▶ **DESCRIPTION OF THE TASK**
An exact restatement of the data below, with the pictures removed, is the required answer.

▶ **GIVEN MATERIAL**
——

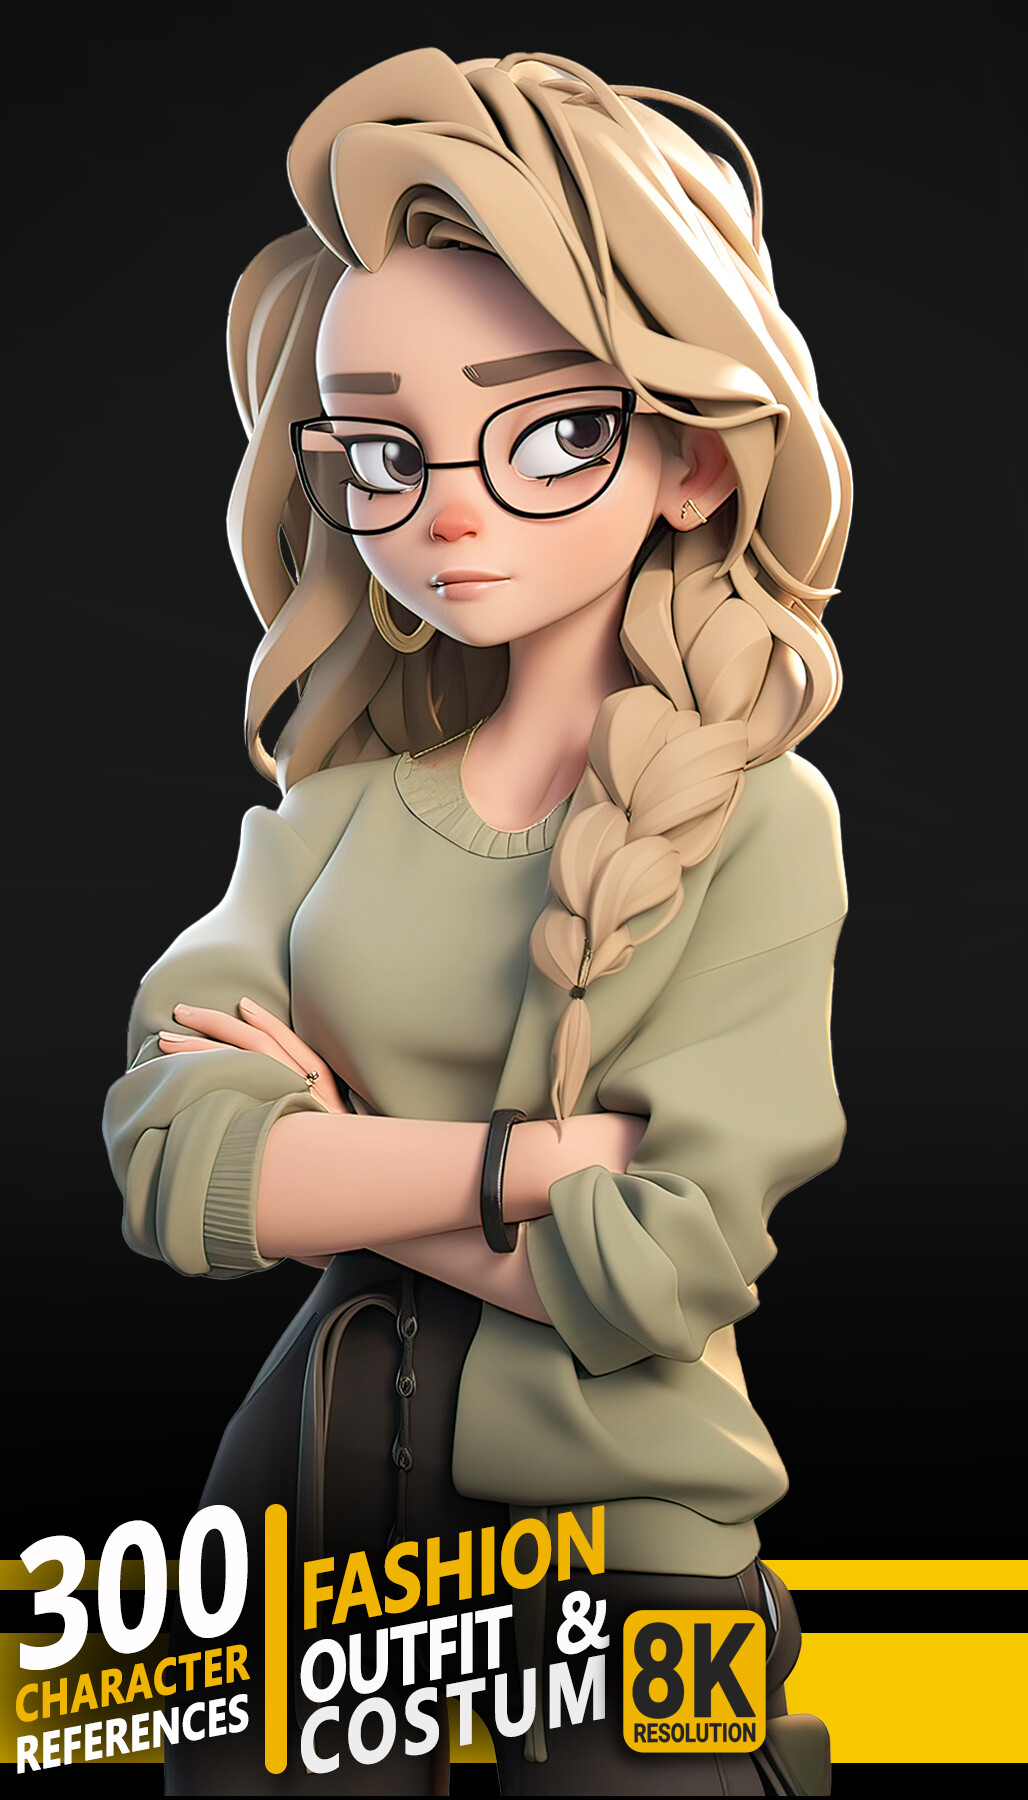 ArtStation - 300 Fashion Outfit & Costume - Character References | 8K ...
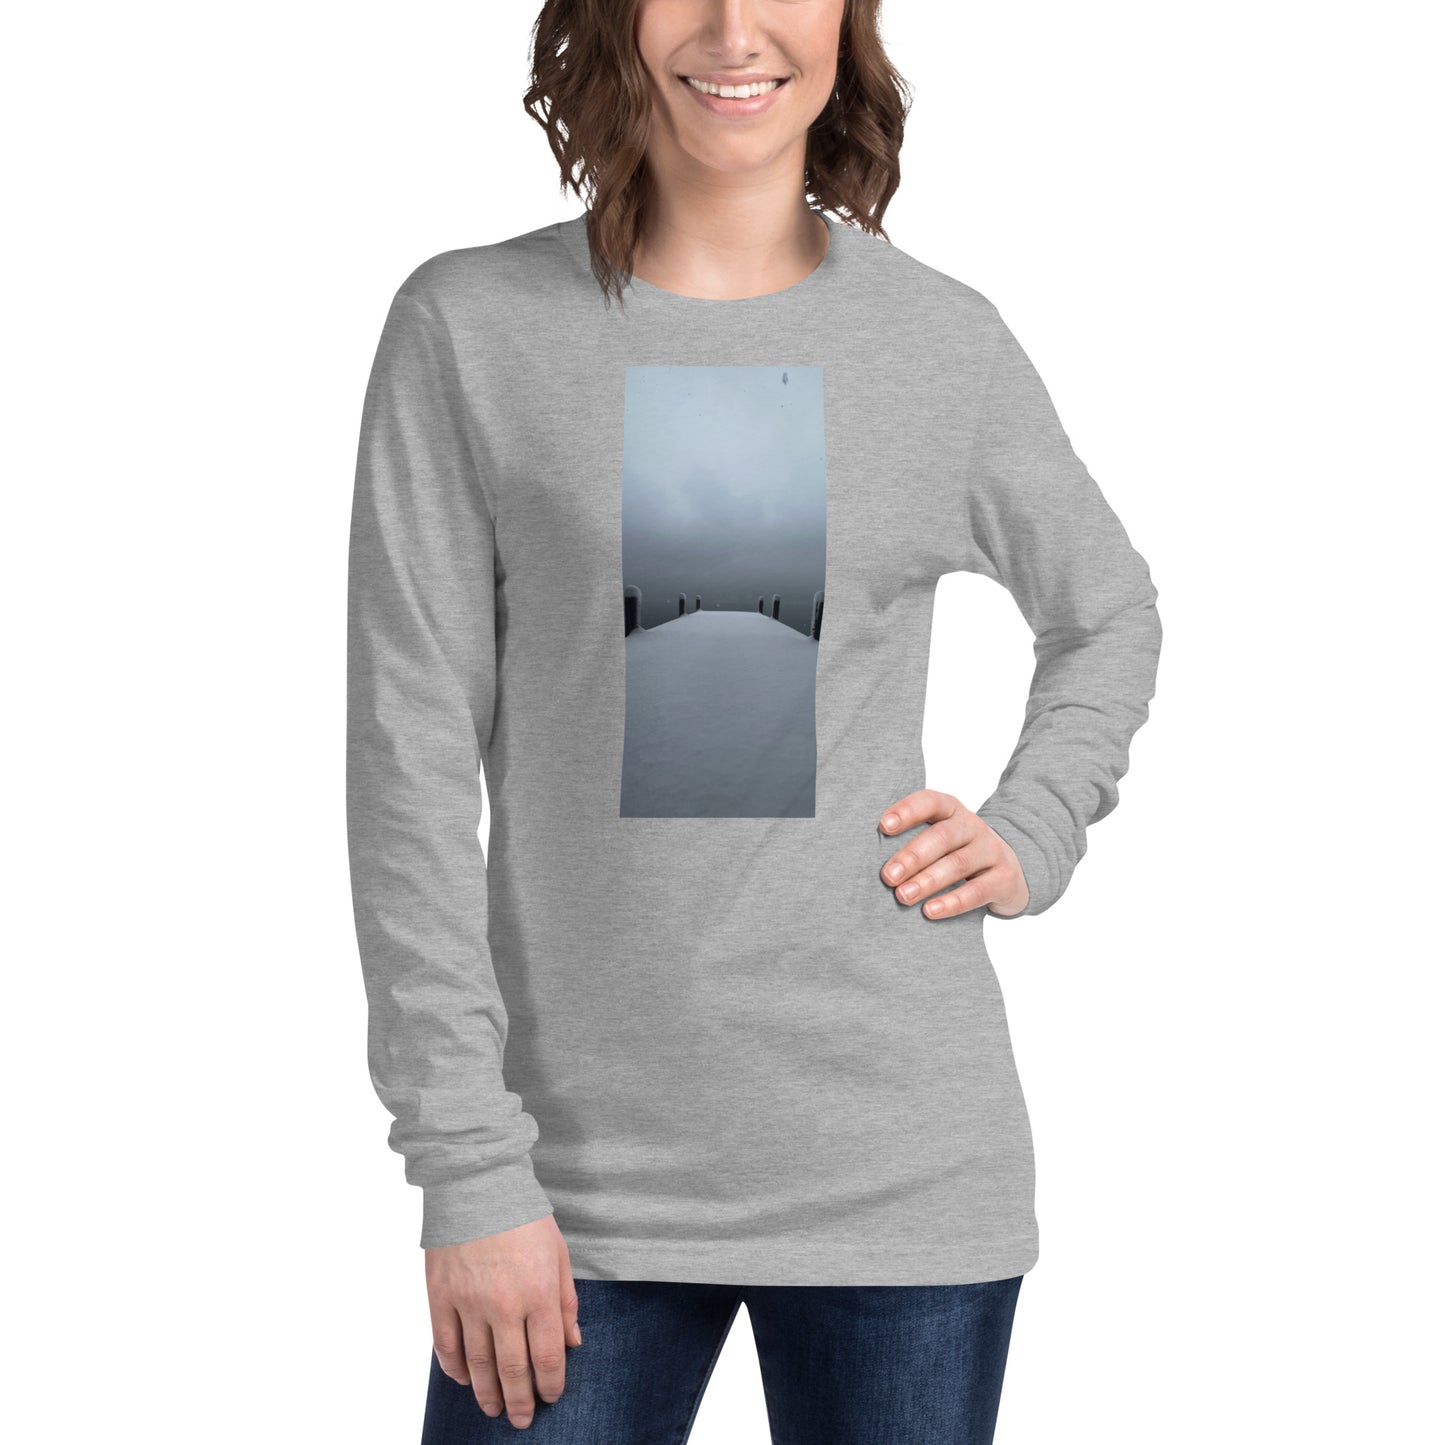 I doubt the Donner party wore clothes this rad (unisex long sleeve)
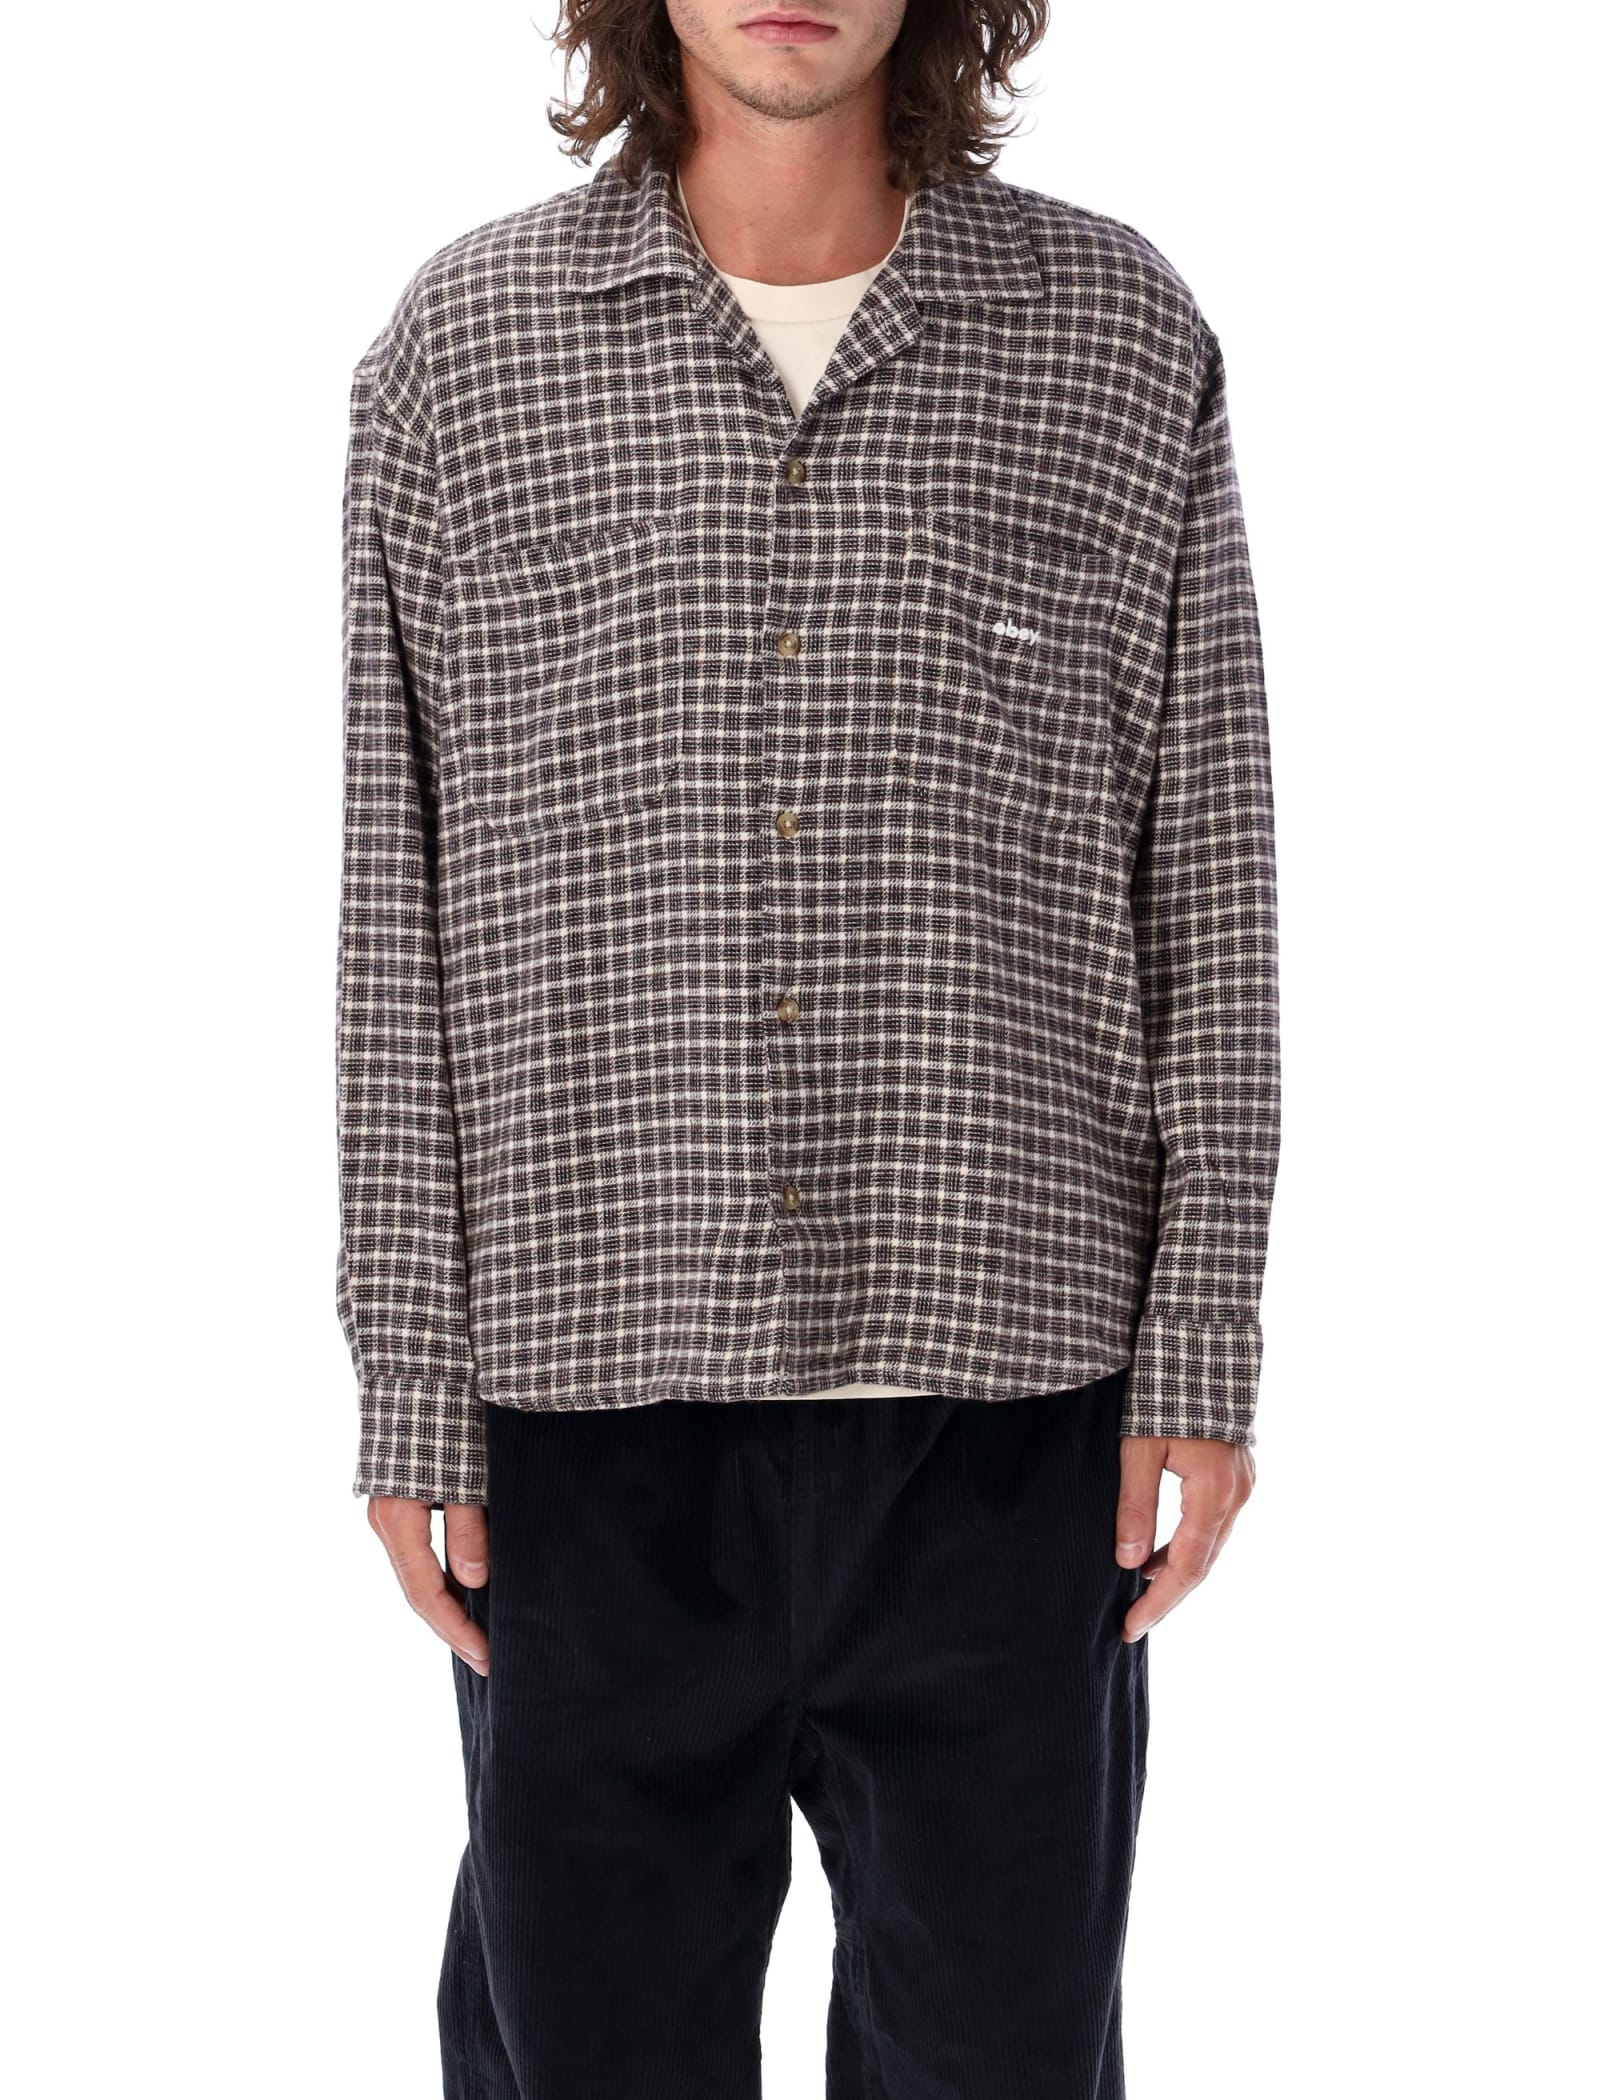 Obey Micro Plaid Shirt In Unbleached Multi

——

▶ **SOLUTION FOR THIS PROBLEM**
 ArtStation - 300 Fashion Outfit & Costume - Character References | 8K ...
 I doubt the Donner party wore clothes this rad (unisex long sleeve)
 Obey Micro Plaid Shirt In Unbleached Multi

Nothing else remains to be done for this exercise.